You must be a terrible person to be willing to directly further evil in the name of money and "fun".




Those were all technologies that were "known" to be "evil". But to get that point, there were probably scientific advancements made that were pretty benign, in isolation. And those advancements were probably used to develop other technologies that were "known" to be "good". The people working on those earlier advancements had no way (necessarily) of knowing what would be derived from their work. The same is true of technological advancements advancements today. The people who first started working on the internet probably had no idea (for the most part) of the privacy issues that have arisen. Ditto for satellites, GPS. . .


What's being referred to is the development and implementation of a very specific technology produced by Narus, not some open-ended research project. See here for more info:

http://en.wikipedia.org/wiki/Hepting_vs._AT%26T#Background_a...

I would not keep company with anyone desiring to be involved in a project like that.


I'm actually sort of surprised by the negative sentiment here. A project with government backing and legal cover will get done, regardless. This is hardly a case where you need some 4-sigma genius (which I am not) to conceive of some major breakthrough.

But creating something like Narus must require all sorts of interesting research and engineering. I wrote a packet analyzer for a single protocol and was just barely able to parse at 1Gbps speed, off a loopback device. Actually getting it deployed at much lower speeds was rather difficult.

Doing the same at 10Gbps, multiprotocol, actually doing neat stuff to the data? Unless their boxes have incredibly expensive hardware inside, they must have done some pretty neat hardware and software designs.

The way to fight this type of surveillance isn't convincing people to avoid working on such projects. That's hopelessly naive or incredibly optimistic. Change the rules of the game: Either make it illegal and enforce or spread proper privacy software like cryptography.


You're missing the point. Social conditioning and shame are very powerful.

It's likely that designing land-mines involves many interesting technical problems. Regardless of whether there are still engineers who will work on land-mines, there's a social good to shaming them (assuming you think land-mines are bad).

If you don't have strong feelings about land-mines, or you don't think they're all that bad, then this argument won't make any sense to you.

People can choose to do or to not do things regardless of their effectiveness.

Do you realize that you're implicitly adopting an amoral viewpoint when you raise pragmatism above ethics or morality? That's a choice -- not a given. This is why you're getting the strong negative reaction, here. History is littered with examples of how this leads to bad outcomes and evil systems.


The way to fight this type of surveillance isn't convincing people to avoid working on such projects. That's hopelessly naive or incredibly optimistic. Change the rules of the game: Either make it illegal and enforce or spread proper privacy software like cryptography.

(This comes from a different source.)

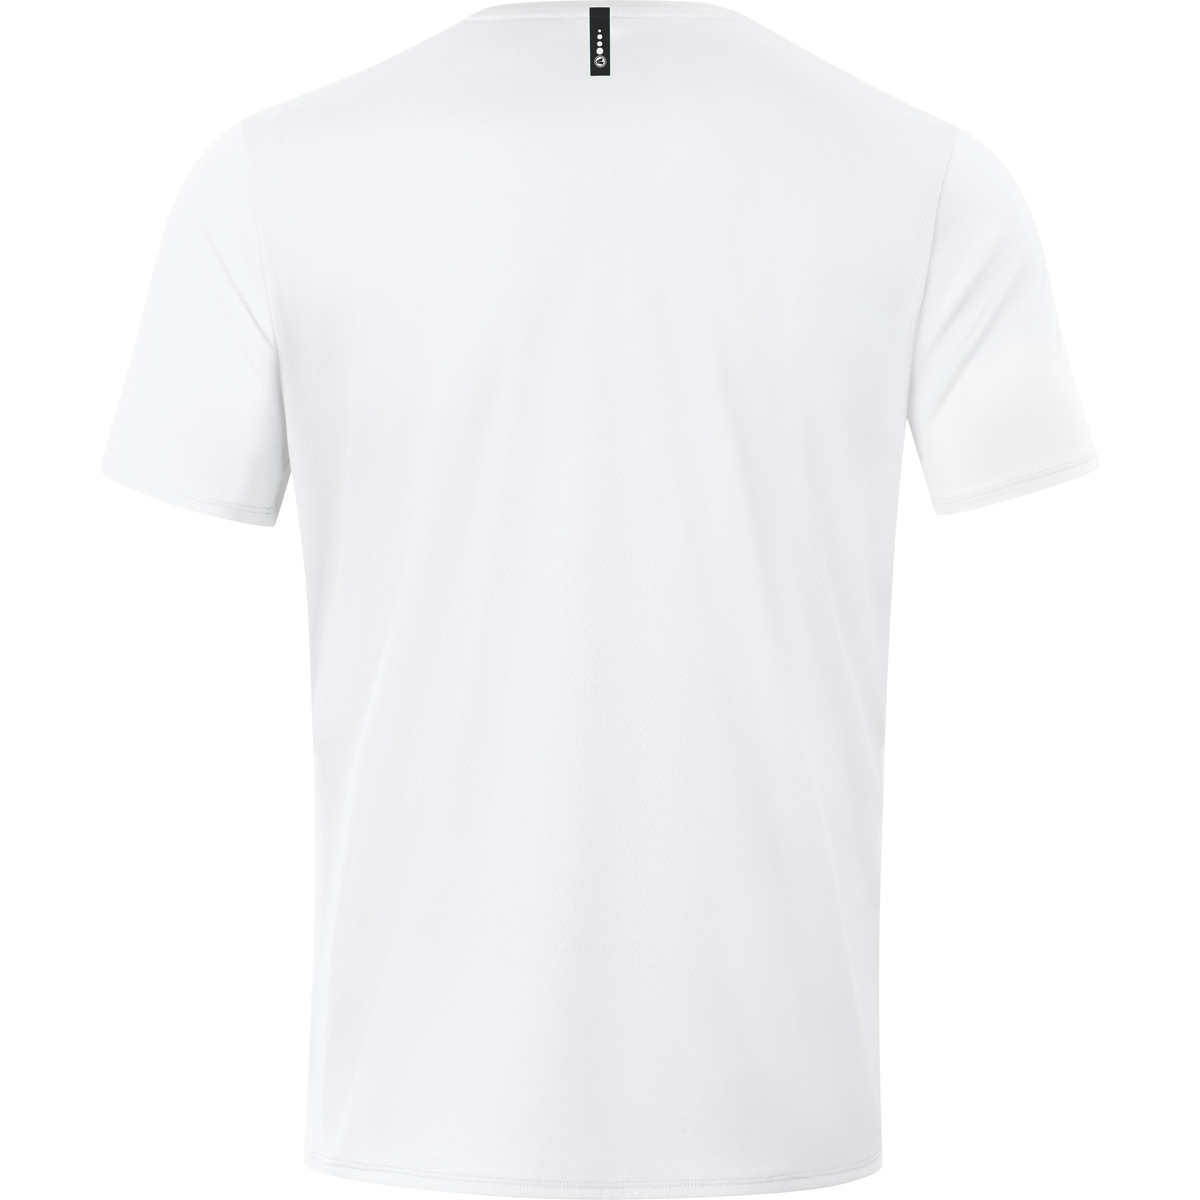 JAKO T-Shirt Champ 2.0 116, 6120 Gr. weiß, Kinder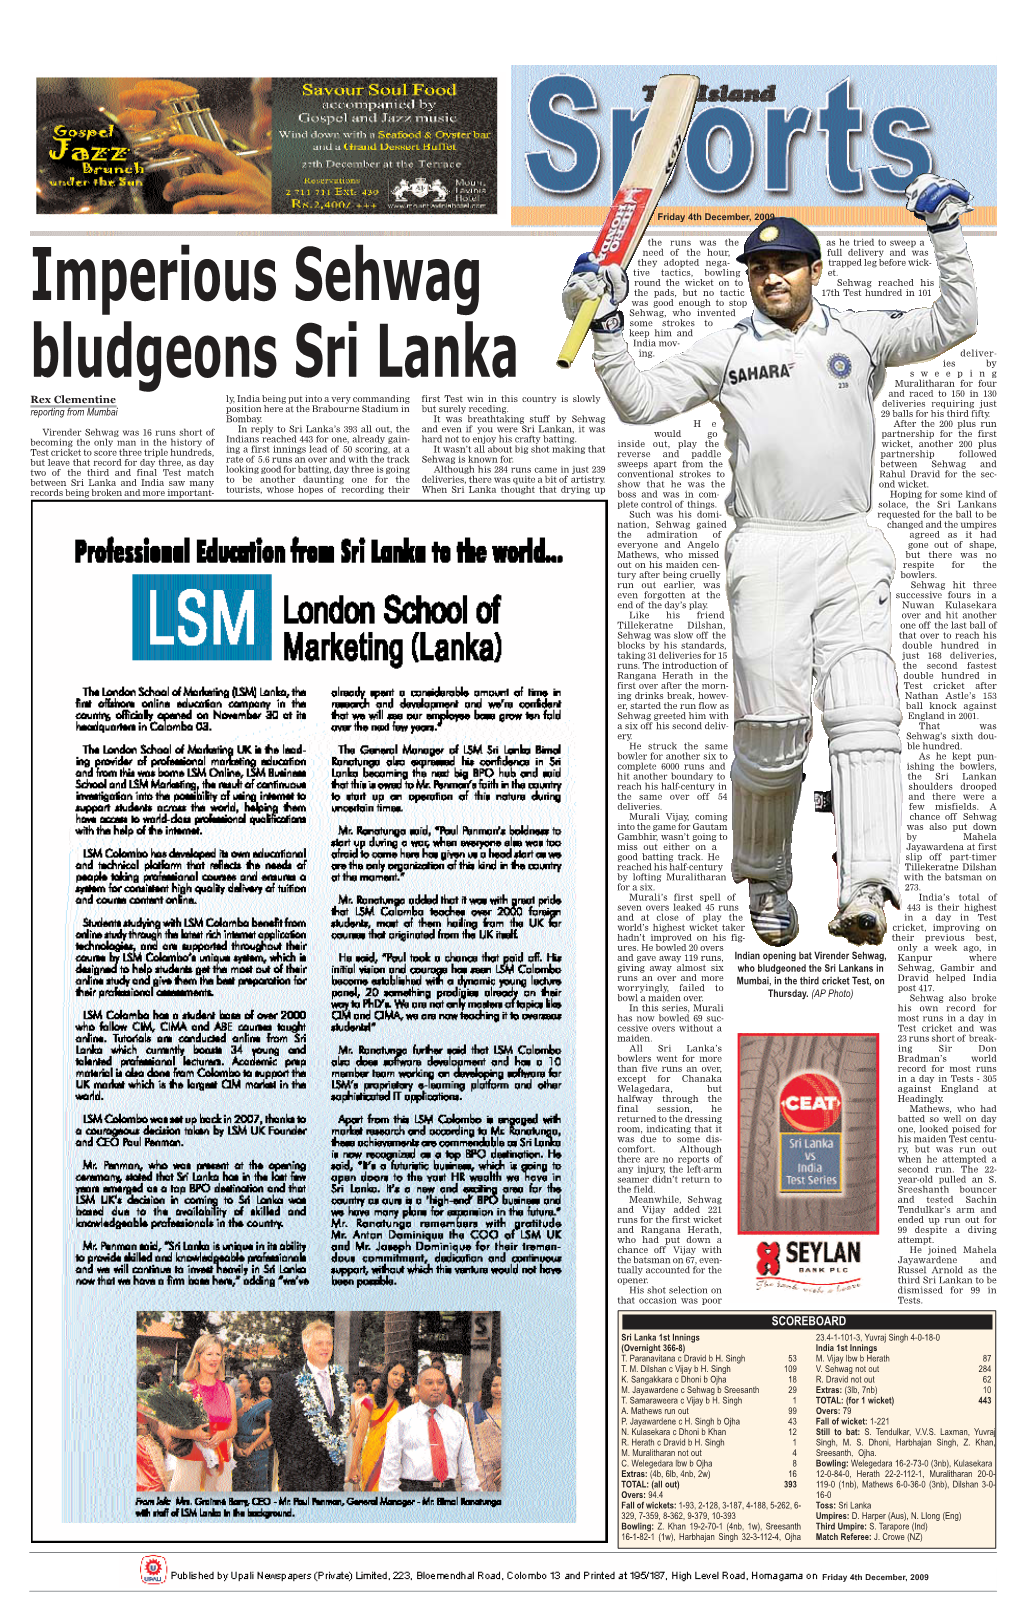 Imperious Sehwag Bludgeons Sri Lanka

Why not simultaneously push for change in government, develop powerful and easy-to-use cryptographic tools, AND refuse to work on projects that are very likely to have a negative impact on society?

I don't deny what you're saying, that these projects will end up being built by someone (hopefully someone less qualified though, and at a higher cost to the contractee), but by the logic in your first post in the chain, anything could be justified morally as long as someone is paying you to do it. What's wrong with pulling the lever in the gas chamber? If you don't, the next guy will, right?


Funny, I looked up the people that discovered mustard gas, and all of them seem extremely well respected and have had illustrious scientific careers.